While formulating asset allocation strategies or a wealth management plan for the millennial investor, simply pushing a financial product may not be enough. The products will need to be customized to take care of their requirements such as education, health, leisure and retirement. This generation of investors like to play a participative role in discussing and deciding their financial future. Therefore, pitching advisory products and fee-based incomes around advisories can be a good idea.

A millennial investor with sound professional qualifications and rising career trajectories will value time and practical advice. Hence a meaningful approach for them to meet their investment and wealth planning and investment needs may be through a multi-family office (MFO) which will charge them an advisory fee.

For an investor class whose size is more than the population of the US, millennial investors in India present a goldmine of professional opportunities for wealth management companies and investment advisory services. As compared to their previous generations, the millennial generation has high disposable incomes for consumption and saving. They should be made to understand that prudent investing starting from their early earning years can play a pivotal role in wealth creation for their retirement years. Advisors should set out strict investment goals for millennials and also lay out a viable roadmap for achieving financial freedom.

The outbreak of unforeseen disasters like the COVID-19 pandemic has demonstrated the need to build a robust investment portfolio which can help sustain through difficult times. With economic volatilities becoming a harsh reality on a global scale, wealth planning and preservation has become a critical goal. Millennials are especially susceptible to the adverse economic impact of the pandemic like an uncertain employment outlook, financial insecurities and prospects of a global recession. To tide over these crises and help them achieve financial stability and growth, seasoned professionals should strategize the allocation of wealth across different asset classes taking into account their long-term investment horizon and risk appetite.

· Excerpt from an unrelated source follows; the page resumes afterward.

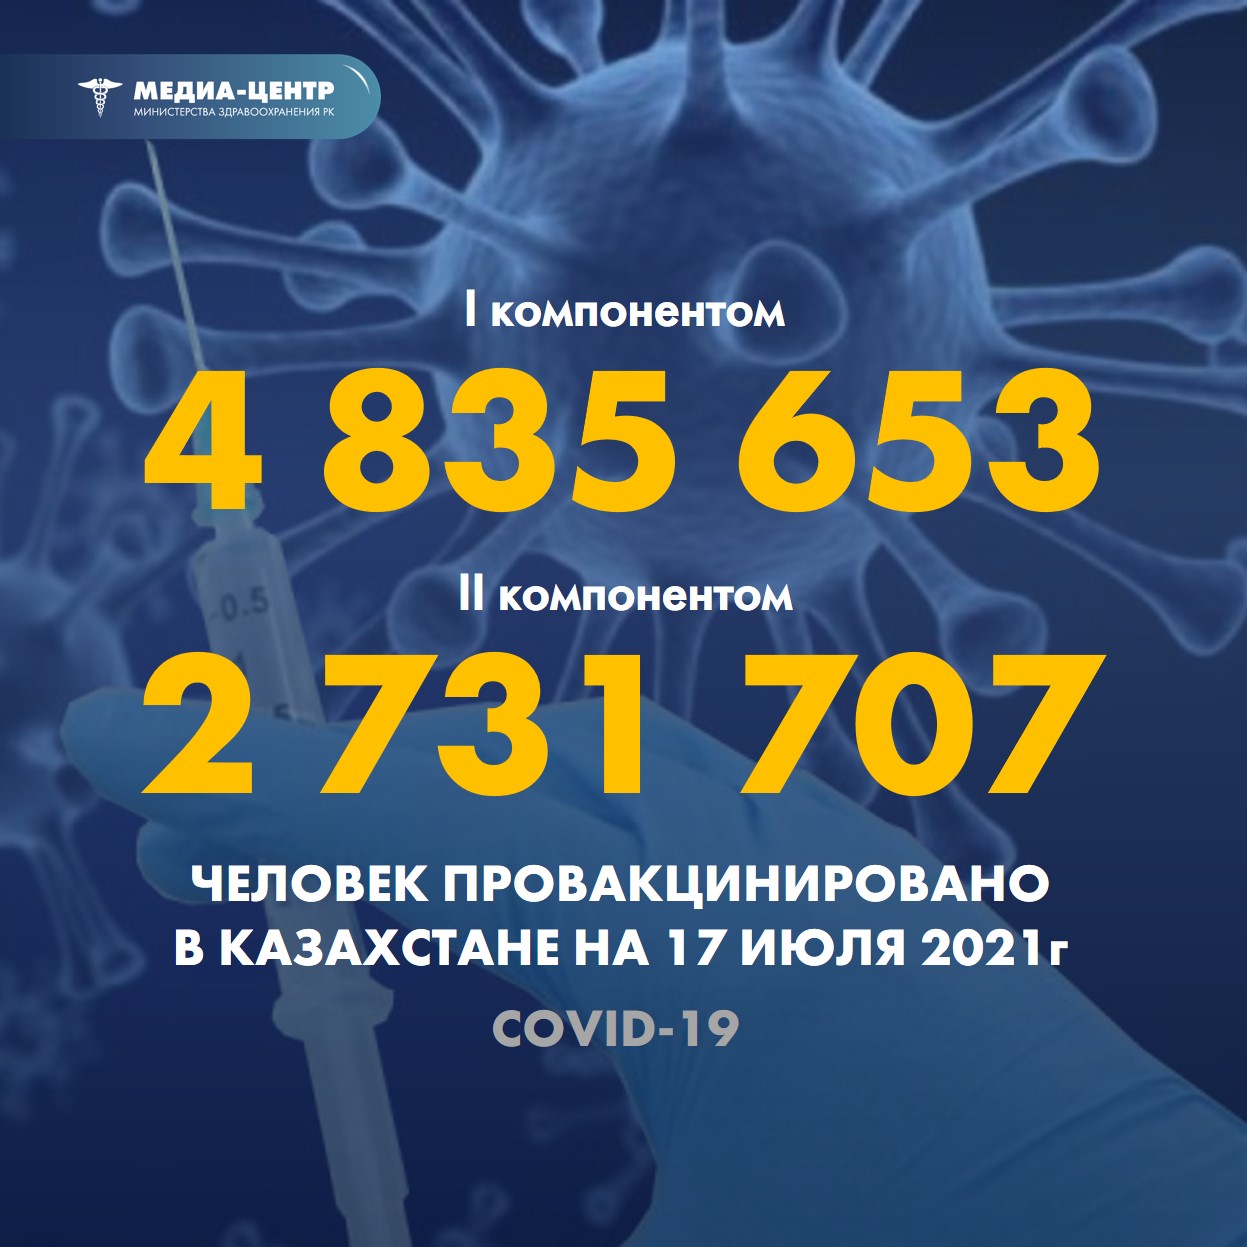 Информация о проведении вакцинации населения против КВИ на 17.07.2021 г. в разрезе регионов

After undertaking careful deliberations of the investment needs and analyzing their profiles, millennials can be guided to park their wealth across different asset classes such as property, gold, direct equity, mutual funds and fixed deposits. A diversified portfolio will not only ensure safety of wealth from future market risks but also help in building a substantial wealth corpus over a period of time. One may also reduce risk substantially by putting certain investments under LRS in a foreign country which can act as a hedge against currency fluctuations. Expert guidance should be sought before making any investment decision.

The preference to view real estate as a viable asset class has undergone a sea-change with millennials preferring rental accommodation unlike previous generations who would invest in buying their own houses.